The real insights here are that strings in C++ suck and UTF-16 is extremely unin...

criddell · 2024-10-08T17:29:24 1728408564

Strings in C++ standard library do suck (and C++ is my favorite language).

As for UTF-16, well, I don't know that UTF-8 is a whole lot more intuitive:

> And for UTF-8 data, you have the same issues discussed before: Multibyte characters will not be converted properly, and it breaks for case mappings that alter string lengths.

recursive · 2024-10-08T18:25:50 1728411950

UTF-16 has all the complexity of UTF-8 plus surrogate pairs.

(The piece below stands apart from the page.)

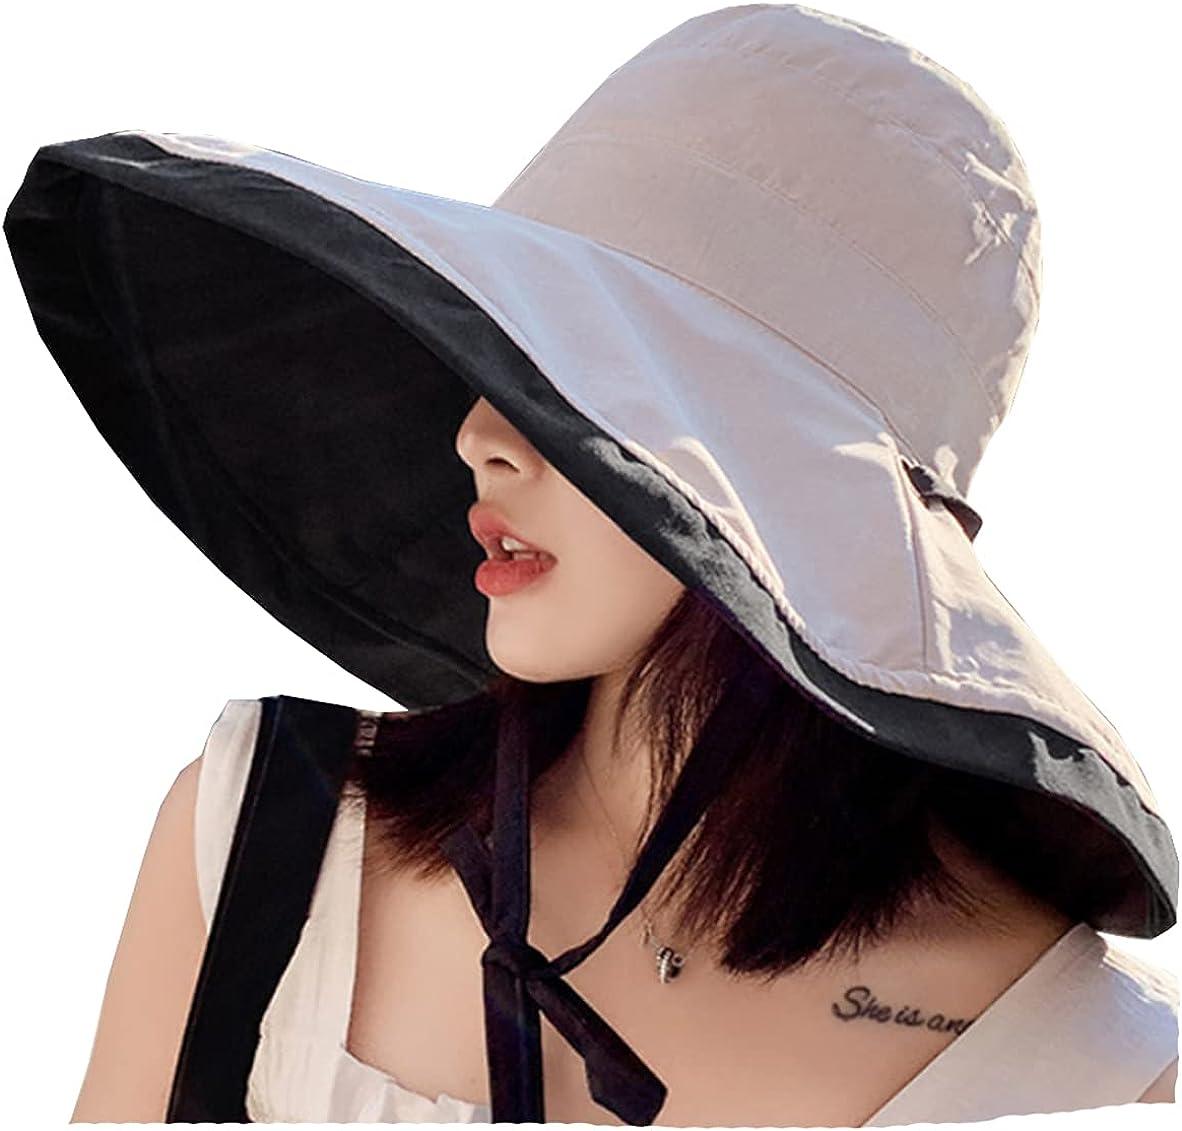 2 in 1 Womens Sun Hat Wide Brim Summer Hat Foldable Roll up Floppy Beach Hats for Women

zahlman · 2024-10-08T19:01:40 1728414100

Surrogate pairs aren't more complex than UTF-8's scheme for determining the number of bytes used to represent a code point. (Arguably the logic is slightly simpler.) But the important point is that UTF-16 pretends to be a constant-length encoding while actually having the surrogate-pair loophole - that's because it's a hack on top of UCS-2 (which originally worked well enough for Microsoft to get married to; but then the BMP turned out not to be enough code points). UTF-8 is clearly designed from scratch to be a multi-byte encoding (and, while the standard now makes the corresponding sequences illegal, the scheme was designed to be able to support much higher code points - up to 2^42 if we extend the logic all the way; hypothetical 6-byte sequences starting with values FC or FD would neatly map up to 2^31).